By Stuart Gerson

In the wake of the Hobby Lobby ruling with respect to the Affordable Care Act’s contraceptive coverage mandate, the Administration (which already has taken steps to fund contraception for employees affected by their employers’ exemption) is attempting also to deal with the issue by a recently-published DHHS regulation setting forth the procedures that “religious” employers might follow to gain exemption from having to provide contraceptive coverage in their sponsored health plans. The proposed rule covers both religious not-for-profits and closely held religious for-profits.

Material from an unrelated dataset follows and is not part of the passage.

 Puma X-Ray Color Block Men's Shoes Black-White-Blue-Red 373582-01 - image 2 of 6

The not-for-profit element has been spawned by religious employers, particularly Notre Dame University and the Little Sisters of the Poor Order, who have challenged the requirement that the ACA allows them to sign a form indicating their objection under a process that allows their employees to obtain contraceptives without the employer paying. These plaintiffs object even to signing the form, which they claim aids and abets the employees’ getting coverage.  The 7th Circuit ruled against them and they have petitioned for cert. The proposed reg would seem to moot the case as it provides that all the non-profit has to do is notify DHHS in writing and the government will do the rest.  One guesses that the plaintiffs won’t accept even this but that the Supreme Court will.

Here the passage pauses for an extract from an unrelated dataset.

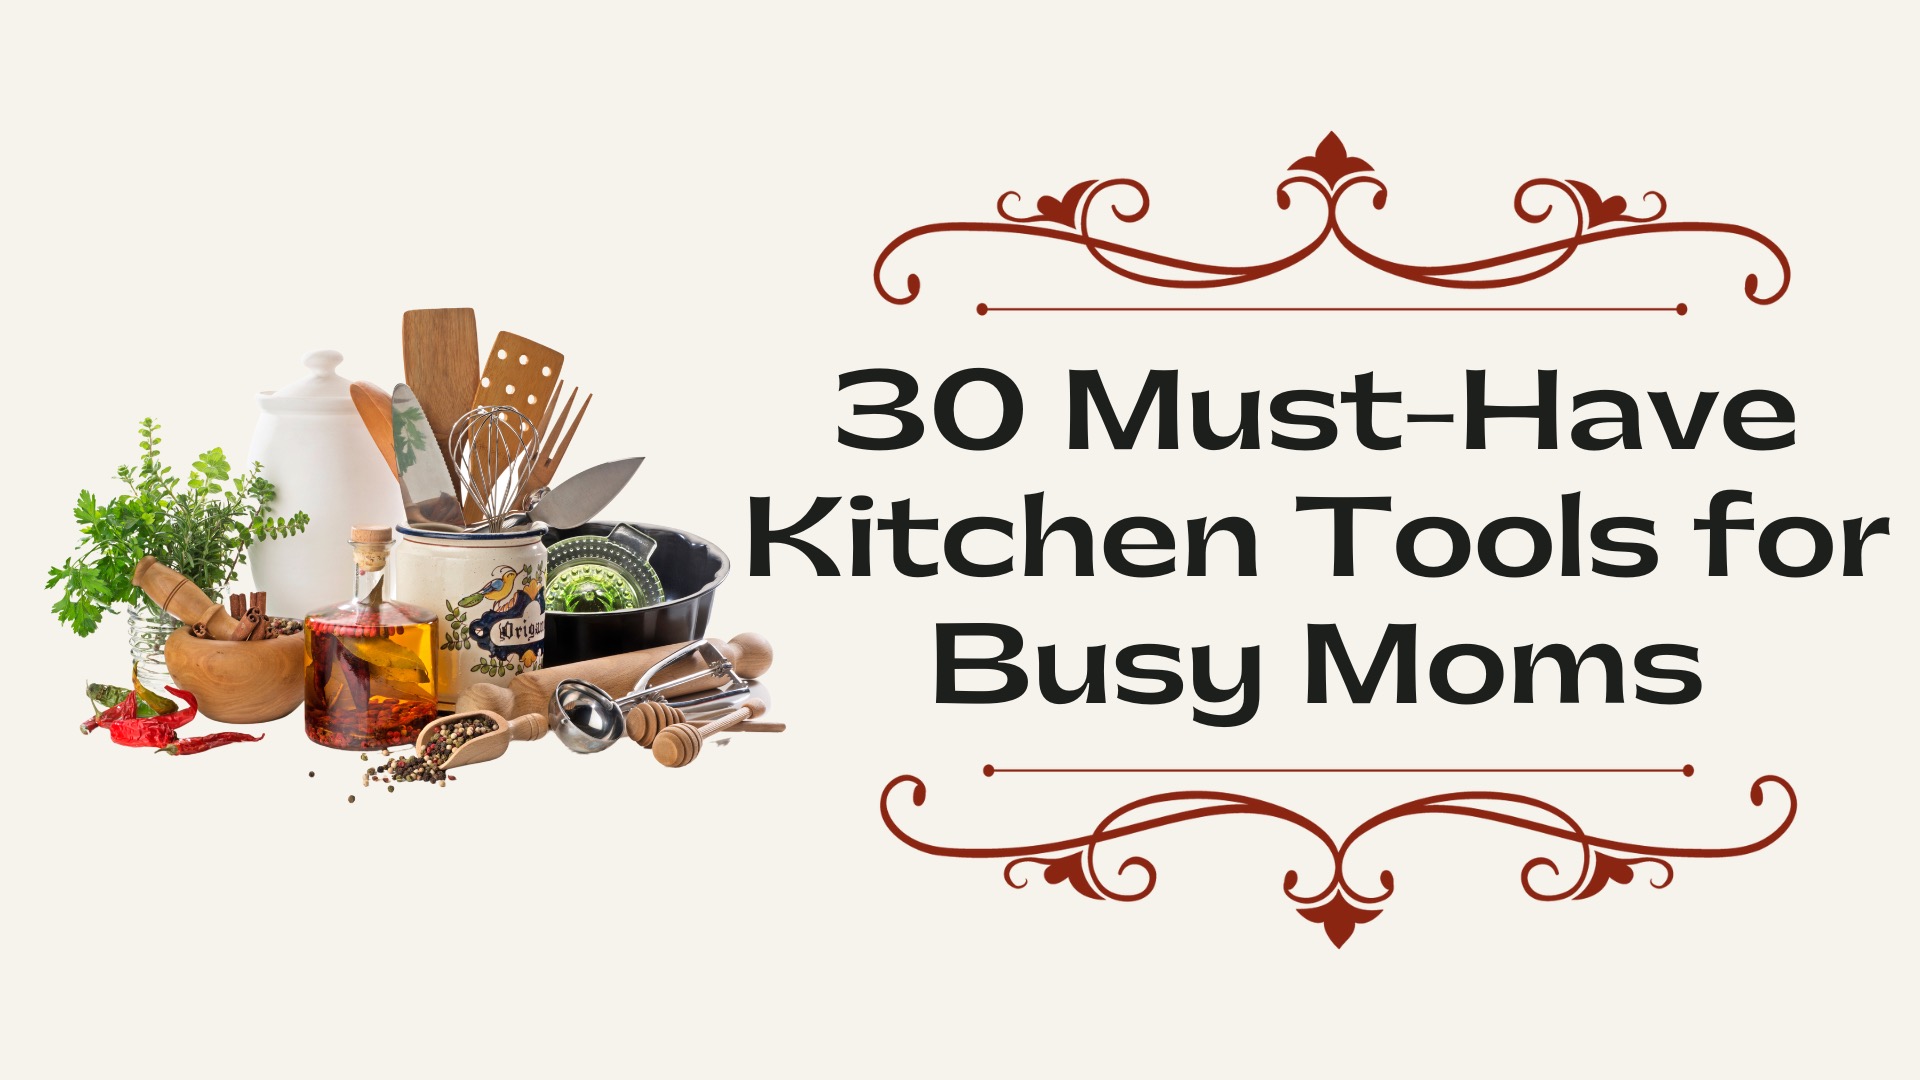 30 Must-Have Kitchen Tools for Busy Moms

In the Hobby Lobby context  of closely held religiously motivated corporations, the proposed reg would treat them in the same way that non-profits would be treated, which the government believes would be the less-restrictive manner that the Supreme Court’s opinion would allow. The significant open question that remains is how to define how closely held such a company must be to qualify for the exemption. The proposed reg sets forth several possible definitions.

The public comment period runs until October 21.